Parameters specifying the cross-validation procedure and data modelling formalised as CrossValParams
and ModellingParams
classes.
Feature selection can now be done either based a on resubstitution metric (i.e. train and test on the training data) or a cross-validation metric (i.e. split the training data into training and testing partitions to tune the selected features). all feature selection functions have been converted into feature ranking functions, because the selection procedure is a feature of cross-validation.
All function and class documentation coverted from manually written Rd files to Roxygen format.
Human Reference Interactome (binary experimental PPI) included in bundled data for pairs-based classification. See ?HuRI
for more details.
Performance plots can now do either box plots or violin plots. Box plot remains the default style.
Upsampling and downsampling to equalise class sizes added.
Two-stage easy-hard classifier added.
getClasses is no longer a slot of PredictParams.

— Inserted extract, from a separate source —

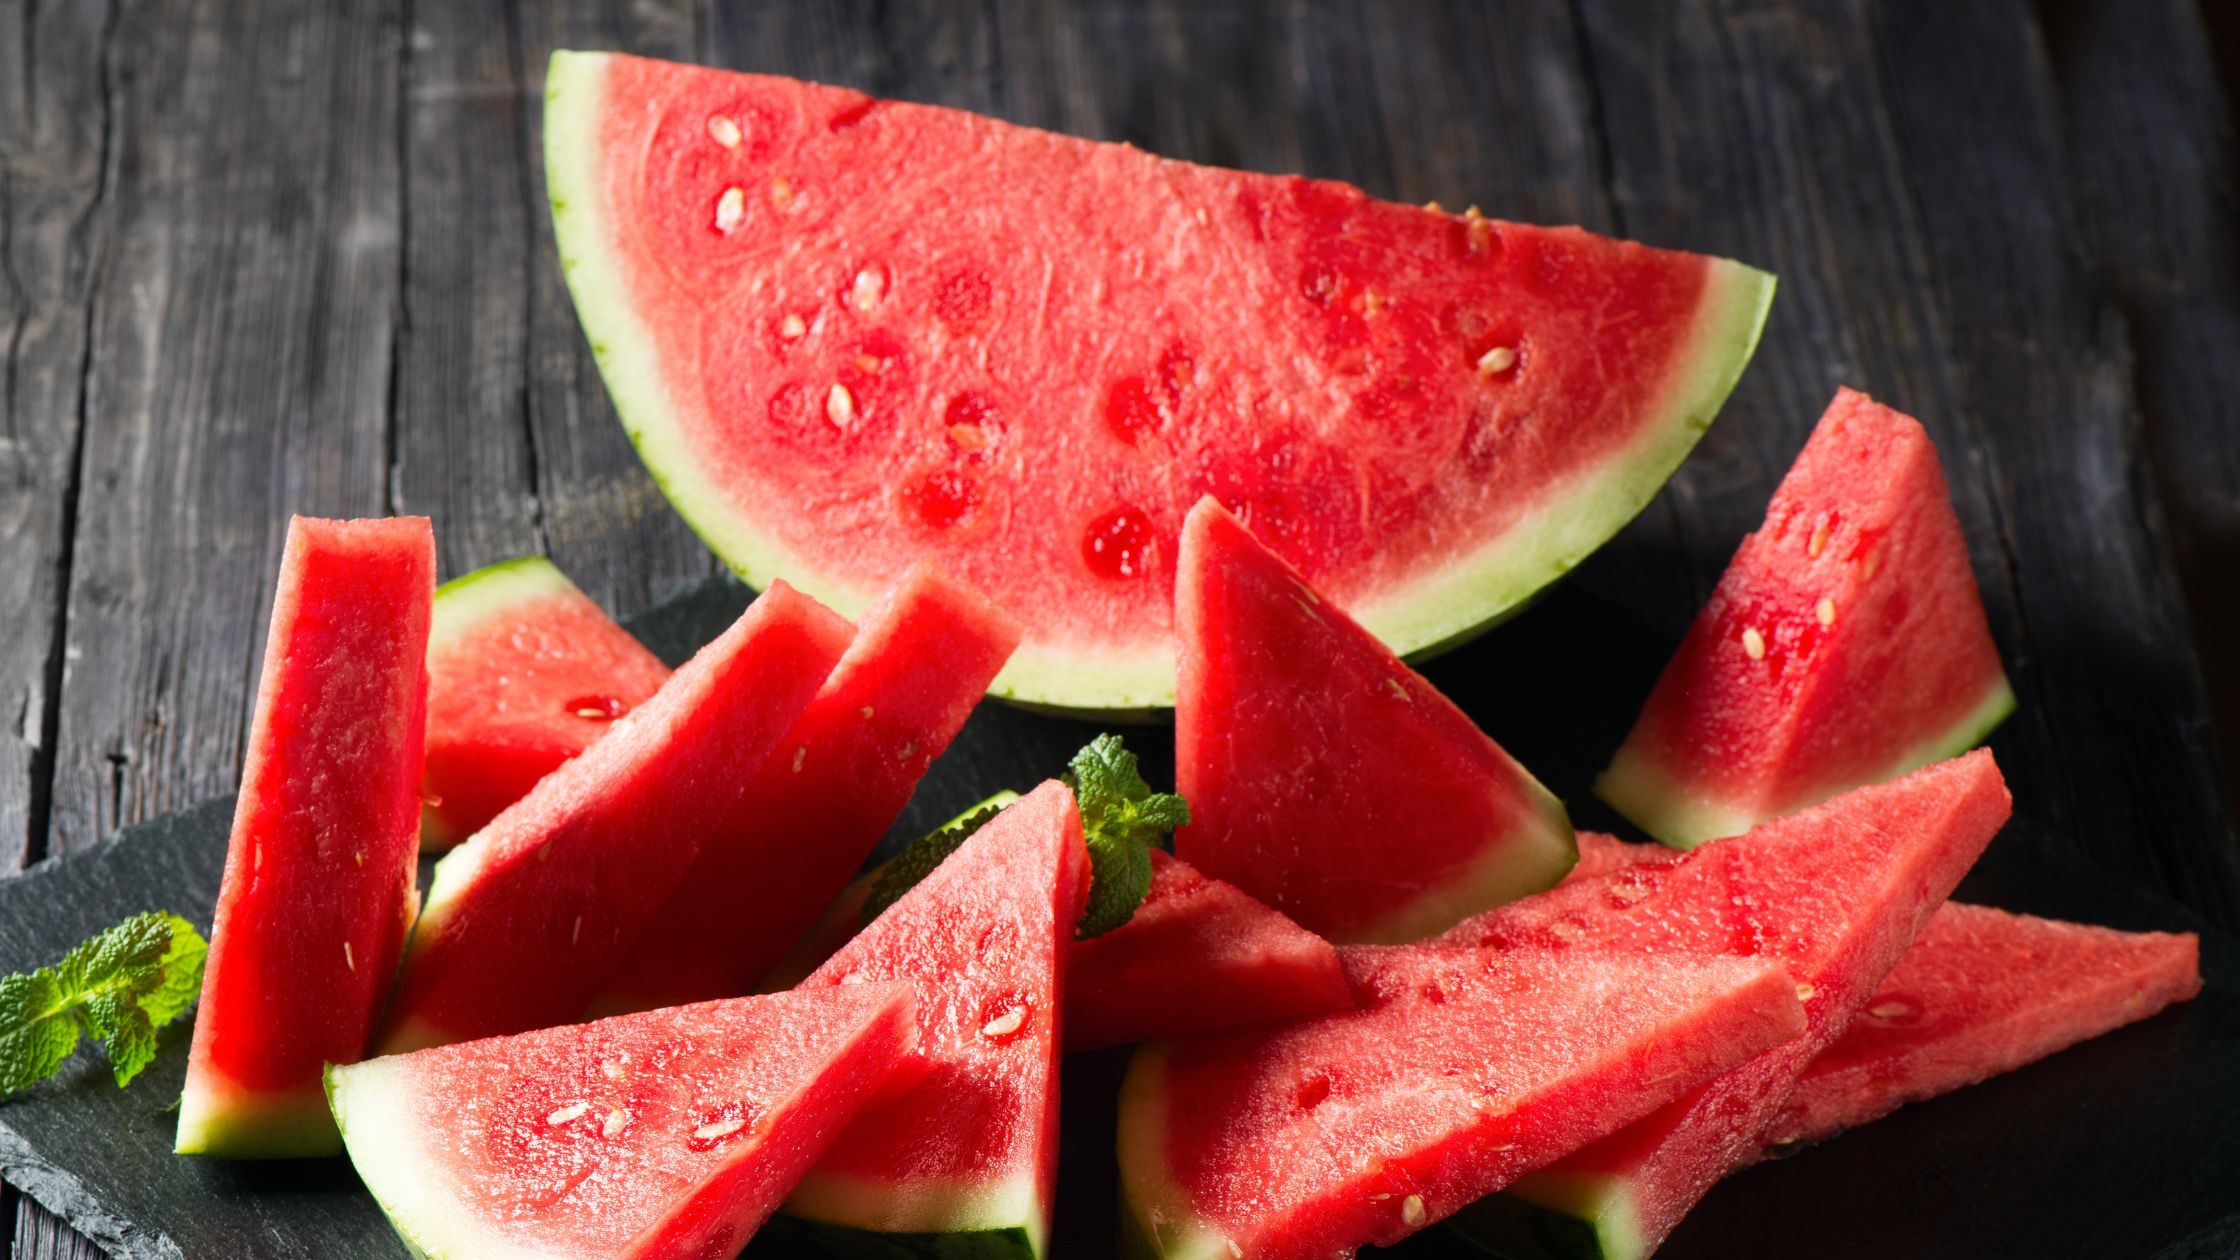  Benefits of Watermelon

Every predictor function needs to return either a factor vector of classes, a numeric vector of class scores for the second class, or a data frame with a column for the predicted classes and another for the second-class scores.

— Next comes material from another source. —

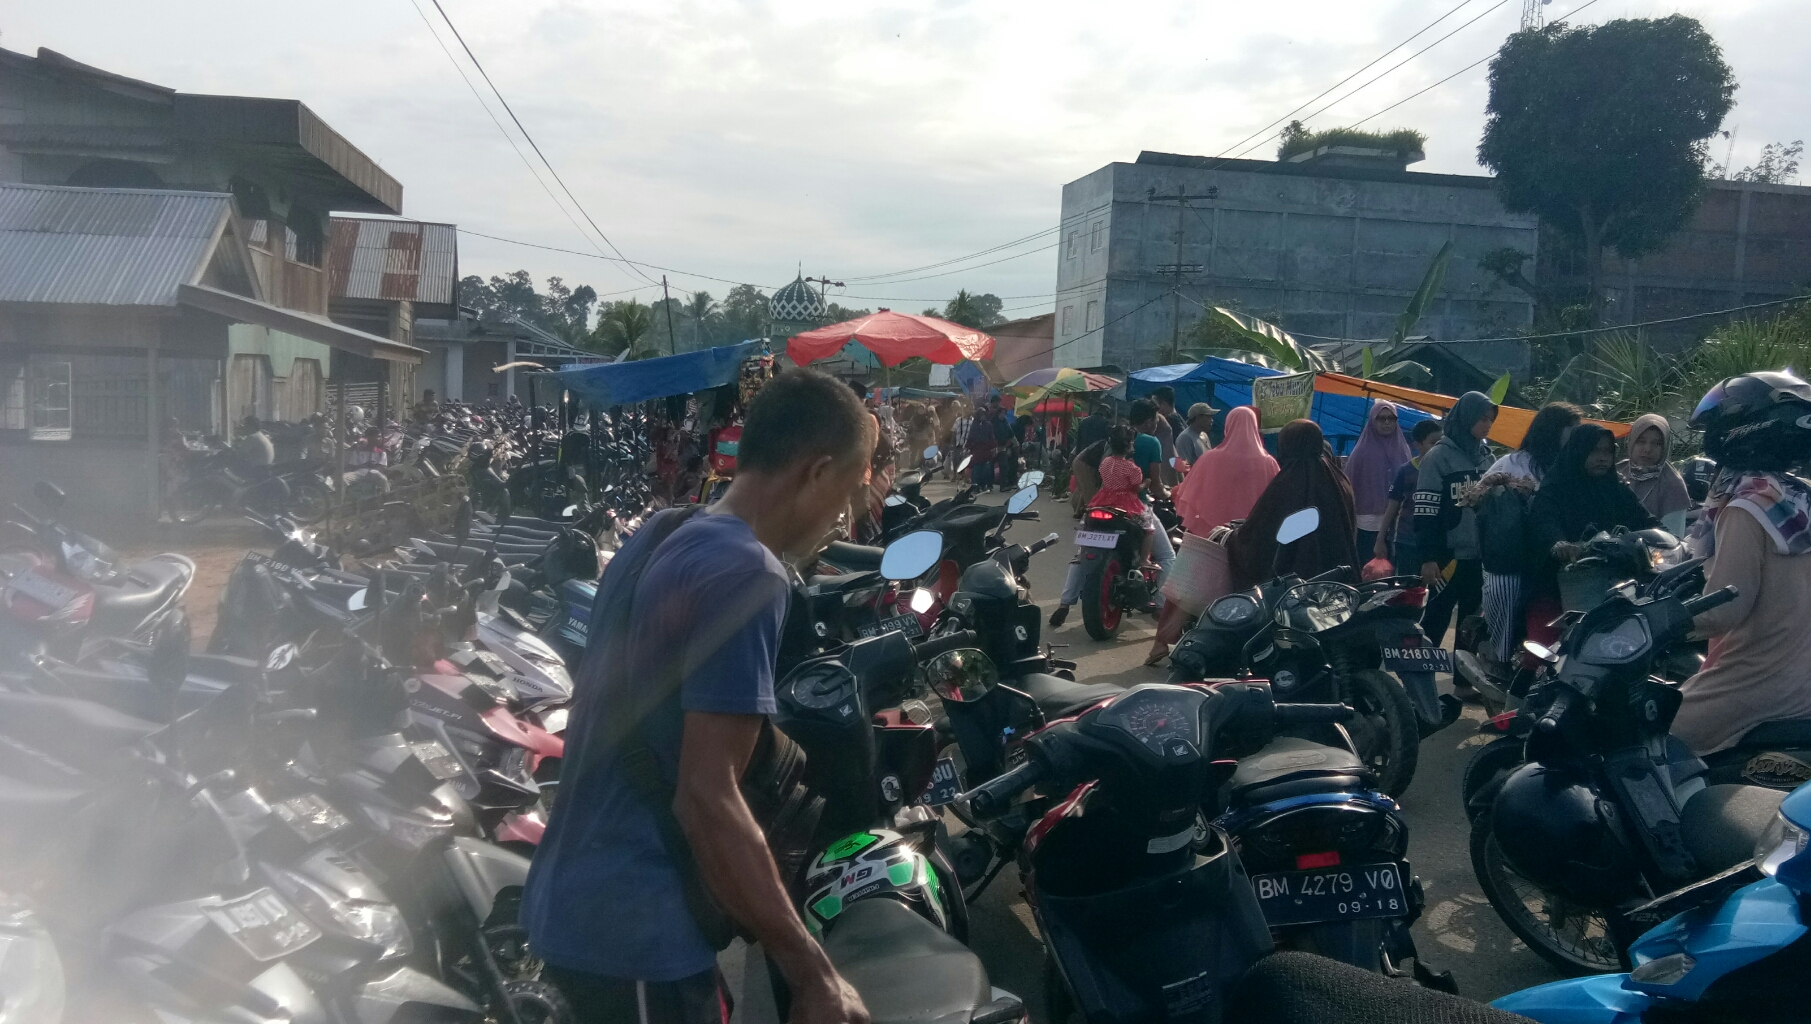 Jelang 1 Hari Puasa Pasar Pekan Heran Inhu, Ramai Dikunjungi Pembeli

Cross-validations which use folds ensure that samples belonging to each class are in approximately the same proportions as they are for the entire data set.

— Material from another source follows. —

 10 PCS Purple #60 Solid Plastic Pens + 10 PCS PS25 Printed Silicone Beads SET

Classification can reuse fitted model from previous classification by using previousTrained function.
Feature selection using gene sets and networks. Classification can use meta-features derived from the individual features used for feature selection.
tTestSelection function for feature selection based on ordinary t-test statistic ranking. Now the default feature selection function, if none is specified.
Tuning parameter optimisation metric is specified by providing a tuneOptimise parameter to TrainParams rather than depending on ResubstituteParams being used during feature selection.
Broad support for DataFrame and MultiAssayExperiment data sets by feature selection and classification functions.
The majority of processing is now done in the DataFrame method for functions that implement methods for multiple kinds of inputs.
Elastic net GLM classifier and multinomial logistic regression classifier wrapper functions.
Plotting functions have a new default style using a white background with black axes.
Vignette simplified and uses a new mass cytometry data set with clearer differences between classes to demonstrate classification and its performance evaluation.
Alterations to make plots compatible with ggplot versions 2.2 and greater.
calcPerformance can calculate some performance metrics for classification tasks based on data sets with more than two classes.
Sample-wise metrics, like sample-specific error rate and sample-specific accuracy are calculated by calcPerformance and added to the ClassifyResult object, rather than by samplesMetricMap and being inaccessible to the end-user.
errorMap replaced by samplesMetricMap. The plot can now show either error rate or accuracy.
Ordinary k-fold cross-validation option added.
Absolute difference of group medians feature selection function added.
Weighted voting mode that uses the distance from an observation to the nearest crossover point of the class densities added.
Bartlett Test selection function included.
New class SelectResult. rankPlot and selectionPlot can additionally work with lists of SelectResult objects. All feature selection functions now return a SelectResult object or a list of them.
priorSelection is a new selection function for using features selected in a prior cross validation for a new data set classification.
New weighted voting mode, where the weight is the distance of the x value from the nearest crossover point of the two densities. Useful for predictions with skewed features.
More classification flexibility, now with parameter tuning integrated into the process.
New performance evaluation functions, such as a ROC curve and a performance plot.
Some existing predictor functions are able to return class scores, not just class labels.
First release of the package, which allows parallelised and customised classification, with many convenient performance evaluation functions.